In an interview on the news program “60 Minutes”, Jack Thompson, the attorney in charge of the civil cases against the makers, marketers and the vendors of GTA, stated that the game’s creators are responsible “at least civilly.”

At least civilly? Tell me now, are we to criminally charge developers for the actions of a minority of the population?

In another interview done by GameCore, a weekly column by CBSNews.com’s William Vitka and Chad Chamberlain, Thompson likens it to serial killer Ted Bundy’s pornographic escapism.
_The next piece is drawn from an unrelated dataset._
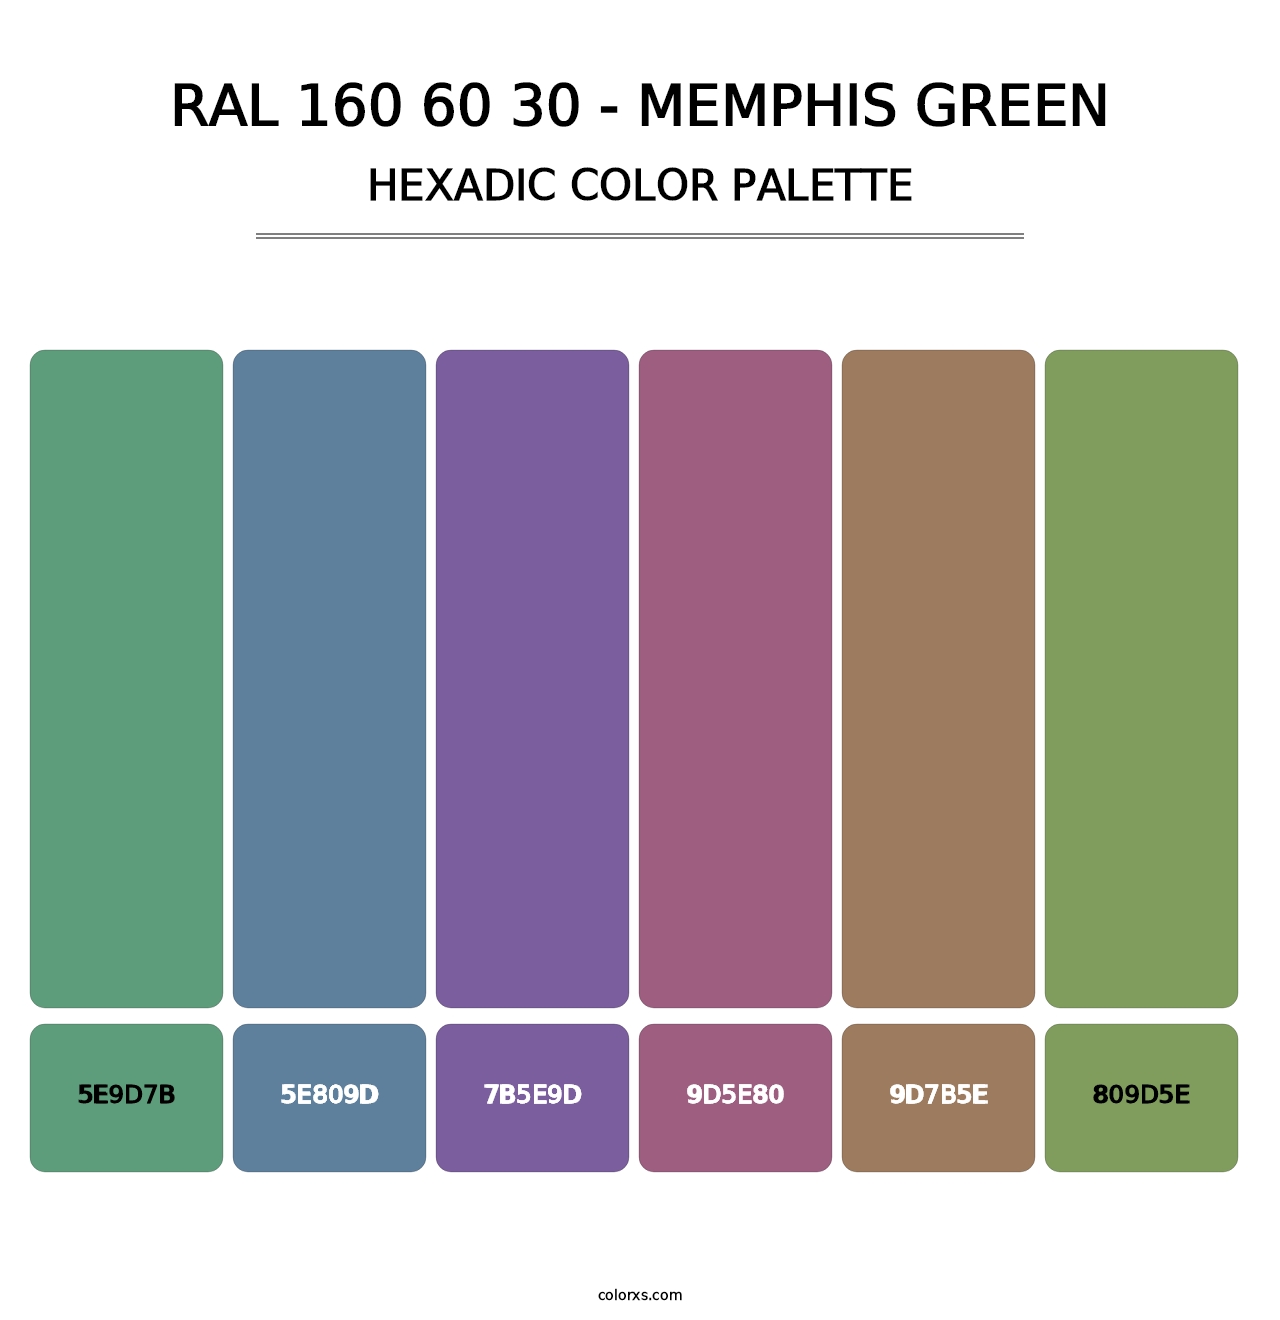 RAL 160 60 30 - Memphis Green - Hexadic Color Palette

I had large problems with the “60 Minutes” piece. Whenever anything about games is reported in the media, it’s painfully obvious that the level of research put into it is obviously sub-standard. I noticed several glaring mistakes, omissions, and misconceptions in the story. Gaming is still very much a niche in modern society, and not many people would be aware that these errors even exist.

I have several problems with our collective tendency, as North Americans, to systematically point the finger elsewhere when most of those doing the pointing should be pointing at their children and, even more appropriately, at themselves.

Don’t get me wrong, I agree that violent games have no place in the hands of young children. But after a certain age, most people realize there is a line between fantasy and reality that should not be crossed. People who say they commit violent acts because of video game violence were disturbed individuals long before they ever picked up a controller. Often, a suspect’s claim that the violent act is caused by a video game is a way to escape culpability on their part.

The trend is for a media outlet to pick up a particular angle, in this case, that the developers are at fault, and then have it become the media’s “norm”.

I hear rumblings of a large campaign to make sure stores card minors to prevent them from buying games. Parents buy their kids games anyway, and some don’t particularly care about the content. When a story like this breaks, they’re the first to be up-in-arms, calling for the heads of those monsters responsible for making a game like GTA. Anything to take the blame away from themselves, I suppose. It’s easier to blame children’s behaviour on an outside influence rather than on bad parenting. And just what is “violent content”? If you handed me a hundred different games, I’m sure most of them would have something that someone would consider violent. One has to ask: Where does the slippery slope flatten out?

If a case like this sets a precedent, it will probably open a Pandora’s box: if the legal precedent is there, there’s no telling what could happen to censorship,virtually everything could be fair game.